Given the urgency to move fast (and the fact that I was a new joiner) I didn’t want to slow things down by debating about wording. It wasn’t the right moment for that. Still, I believe in the power of the words we use. After realizing I was not alone in noticing this issue, I teamed up with another designer to intentionally emphasize words like evaluate and explore in our contributions. We hoped others would pick up on it and gradually shift their perspective, but with everyone focused on validating their solutions and the hectic pace of work, our subtle strategy went unnoticed.

Weeks went by, and we kept making responsible use of language. Once things slowed down, we started introducing the conversation about the risks of approaching experiments with a “validation” mindset. Although some people were open and did shift their perspective, the most important contributors didn’t seem to see the importance of it.

This validation mindset was so deeply rooted in the operations that it soon led to a critical misunderstanding. In one experiment, a key engagement metric was misinterpreted, resulting in a restructure of the user flow, affecting how answers were presented to students. The change was implemented under the false belief that it had improved engagement—conveniently aligning with a larger, follow-up project where this redesign also simplified its implementation (a clear example of confirmation bias at work).
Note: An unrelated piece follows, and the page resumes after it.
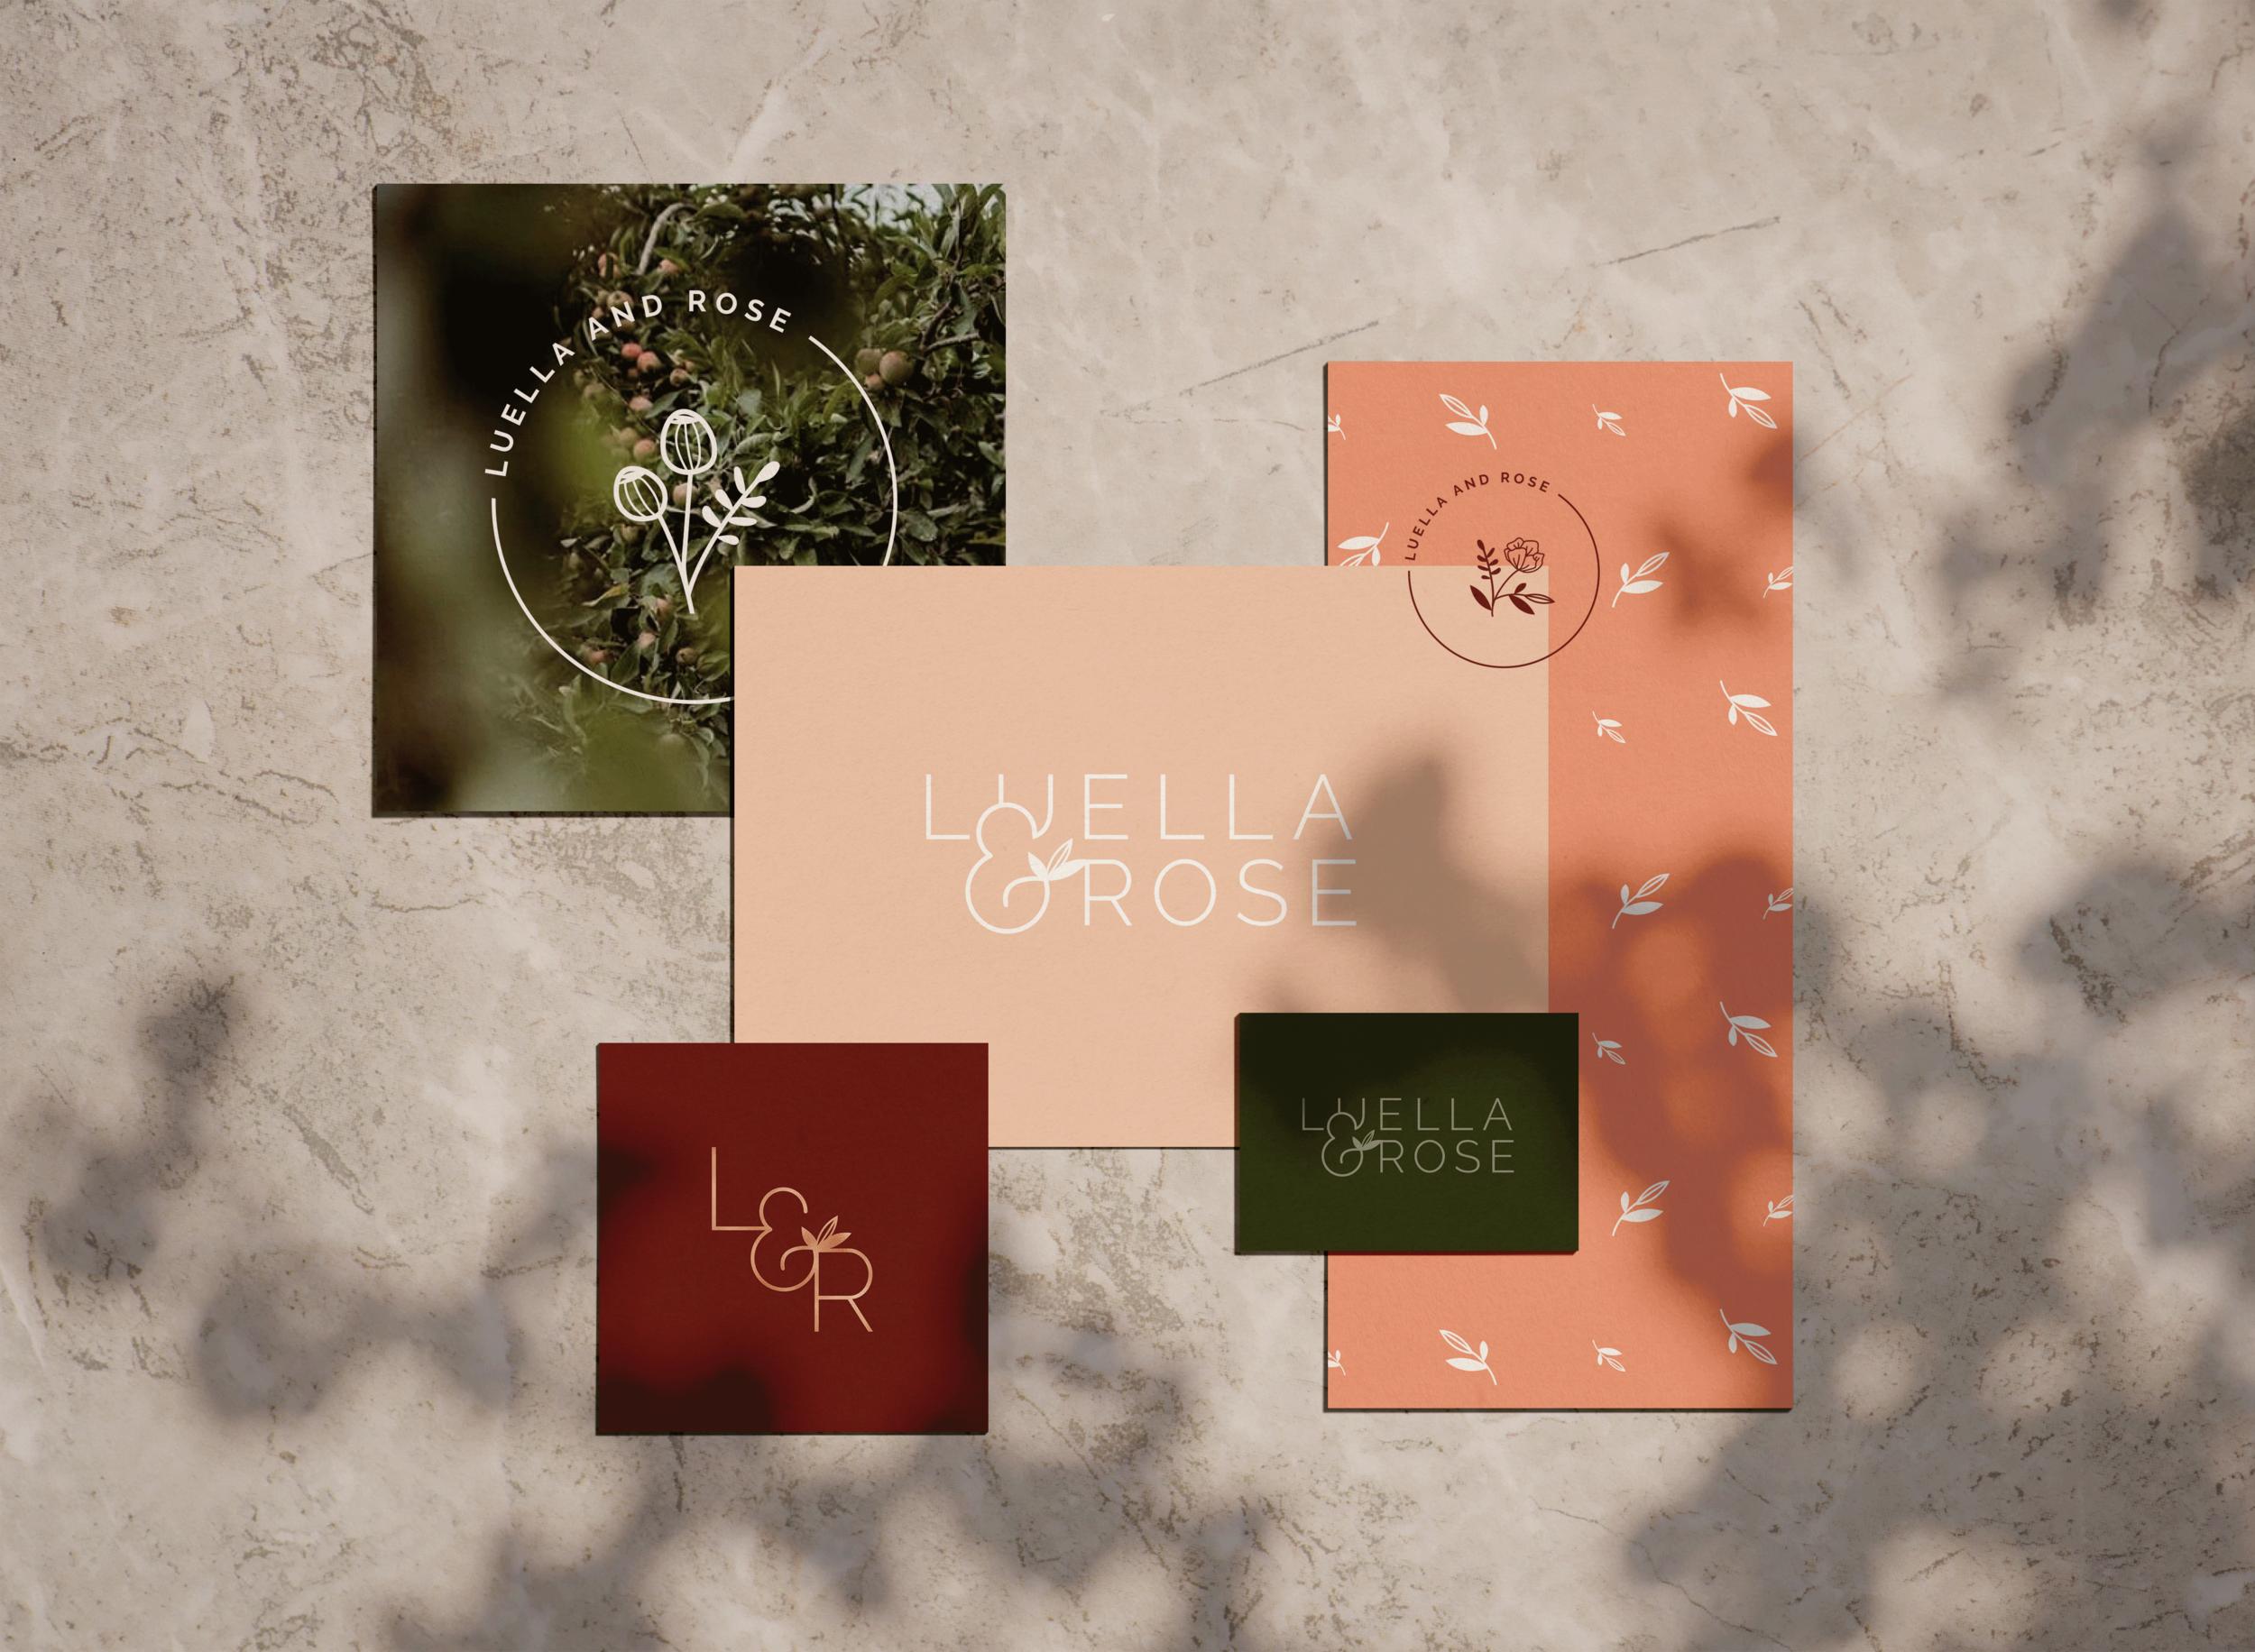 Luella&rose_brandsuite.png

It wasn’t until months later, when another data analyst revisited the results as another follow-up project wasn’t performing as expected, that it became clear the test had actually shown the opposite: the redesign had reduced engagement.

To me, this illustrates how a validation-driven mindset can cause teams to overlook valuable insights, simply because they aren't looking for them. It wasn’t just about moving in the wrong direction, it also meant wasted time, effort, and resources that could have been invested toward more meaningful improvements.

However, before the misinterpreted results came to light, the team assumed that the issue stemmed from a lack of qualitative data. Soon after, they started organizing “user tests”, and when I learned more about what and how they intended to test, I couldn’t help but worry about the future of design culture within the company.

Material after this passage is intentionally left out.